* [TASK PROMPT] Show every line of the data that includes the word "Make".

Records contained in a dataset
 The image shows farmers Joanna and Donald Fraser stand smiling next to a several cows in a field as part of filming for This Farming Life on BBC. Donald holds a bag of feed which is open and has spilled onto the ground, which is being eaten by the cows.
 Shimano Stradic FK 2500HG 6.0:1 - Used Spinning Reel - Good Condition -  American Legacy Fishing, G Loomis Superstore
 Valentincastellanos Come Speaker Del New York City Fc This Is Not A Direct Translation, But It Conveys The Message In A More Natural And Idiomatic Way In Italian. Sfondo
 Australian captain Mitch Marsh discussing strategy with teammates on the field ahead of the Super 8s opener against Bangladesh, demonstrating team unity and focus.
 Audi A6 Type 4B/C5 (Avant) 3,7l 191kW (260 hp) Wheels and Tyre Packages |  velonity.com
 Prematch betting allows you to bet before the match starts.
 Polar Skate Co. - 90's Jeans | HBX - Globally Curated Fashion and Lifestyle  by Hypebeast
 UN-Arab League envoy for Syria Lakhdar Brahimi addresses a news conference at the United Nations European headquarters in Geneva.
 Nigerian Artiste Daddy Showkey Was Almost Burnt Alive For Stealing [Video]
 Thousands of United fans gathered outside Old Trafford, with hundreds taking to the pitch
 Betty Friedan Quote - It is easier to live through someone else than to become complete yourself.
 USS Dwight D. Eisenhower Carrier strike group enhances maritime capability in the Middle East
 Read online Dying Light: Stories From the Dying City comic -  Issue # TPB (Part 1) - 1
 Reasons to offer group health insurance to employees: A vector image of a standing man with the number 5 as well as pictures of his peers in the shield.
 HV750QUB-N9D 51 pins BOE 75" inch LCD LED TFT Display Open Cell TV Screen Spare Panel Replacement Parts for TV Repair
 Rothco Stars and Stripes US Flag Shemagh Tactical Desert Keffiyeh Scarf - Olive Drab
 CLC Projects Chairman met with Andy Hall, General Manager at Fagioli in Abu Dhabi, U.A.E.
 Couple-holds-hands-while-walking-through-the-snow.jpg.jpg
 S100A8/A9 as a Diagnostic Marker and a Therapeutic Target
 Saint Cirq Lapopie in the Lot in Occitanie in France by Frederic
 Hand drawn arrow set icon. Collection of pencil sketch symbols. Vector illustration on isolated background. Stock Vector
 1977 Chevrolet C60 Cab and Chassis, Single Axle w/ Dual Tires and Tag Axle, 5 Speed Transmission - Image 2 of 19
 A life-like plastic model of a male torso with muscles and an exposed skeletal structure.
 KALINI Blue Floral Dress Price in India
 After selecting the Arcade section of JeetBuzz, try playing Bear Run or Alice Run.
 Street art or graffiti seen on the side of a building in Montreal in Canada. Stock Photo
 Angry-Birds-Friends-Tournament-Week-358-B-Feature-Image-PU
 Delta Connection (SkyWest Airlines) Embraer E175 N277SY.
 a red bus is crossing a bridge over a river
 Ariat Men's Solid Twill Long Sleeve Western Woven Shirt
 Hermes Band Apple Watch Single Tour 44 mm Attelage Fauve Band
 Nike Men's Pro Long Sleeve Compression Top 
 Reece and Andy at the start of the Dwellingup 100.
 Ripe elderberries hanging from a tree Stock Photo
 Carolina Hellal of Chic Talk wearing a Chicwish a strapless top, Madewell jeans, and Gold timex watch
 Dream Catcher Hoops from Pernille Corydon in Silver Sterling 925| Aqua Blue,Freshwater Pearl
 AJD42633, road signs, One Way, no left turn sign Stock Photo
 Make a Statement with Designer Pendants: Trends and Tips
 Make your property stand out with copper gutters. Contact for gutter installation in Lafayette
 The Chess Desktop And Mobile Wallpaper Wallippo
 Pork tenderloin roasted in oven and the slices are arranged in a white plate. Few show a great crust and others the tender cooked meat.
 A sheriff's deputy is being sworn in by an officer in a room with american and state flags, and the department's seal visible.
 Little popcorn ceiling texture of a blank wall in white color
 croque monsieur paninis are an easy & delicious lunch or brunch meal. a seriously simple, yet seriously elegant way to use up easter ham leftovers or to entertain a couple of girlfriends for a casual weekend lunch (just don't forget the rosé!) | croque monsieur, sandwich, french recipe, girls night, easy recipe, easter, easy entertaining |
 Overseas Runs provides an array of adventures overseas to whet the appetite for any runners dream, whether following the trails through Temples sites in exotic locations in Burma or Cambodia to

* [RESPONSE AREA]
 Make a Statement with Designer Pendants: Trends and Tips
 Make your property stand out with copper gutters. Contact for gutter installation in Lafayette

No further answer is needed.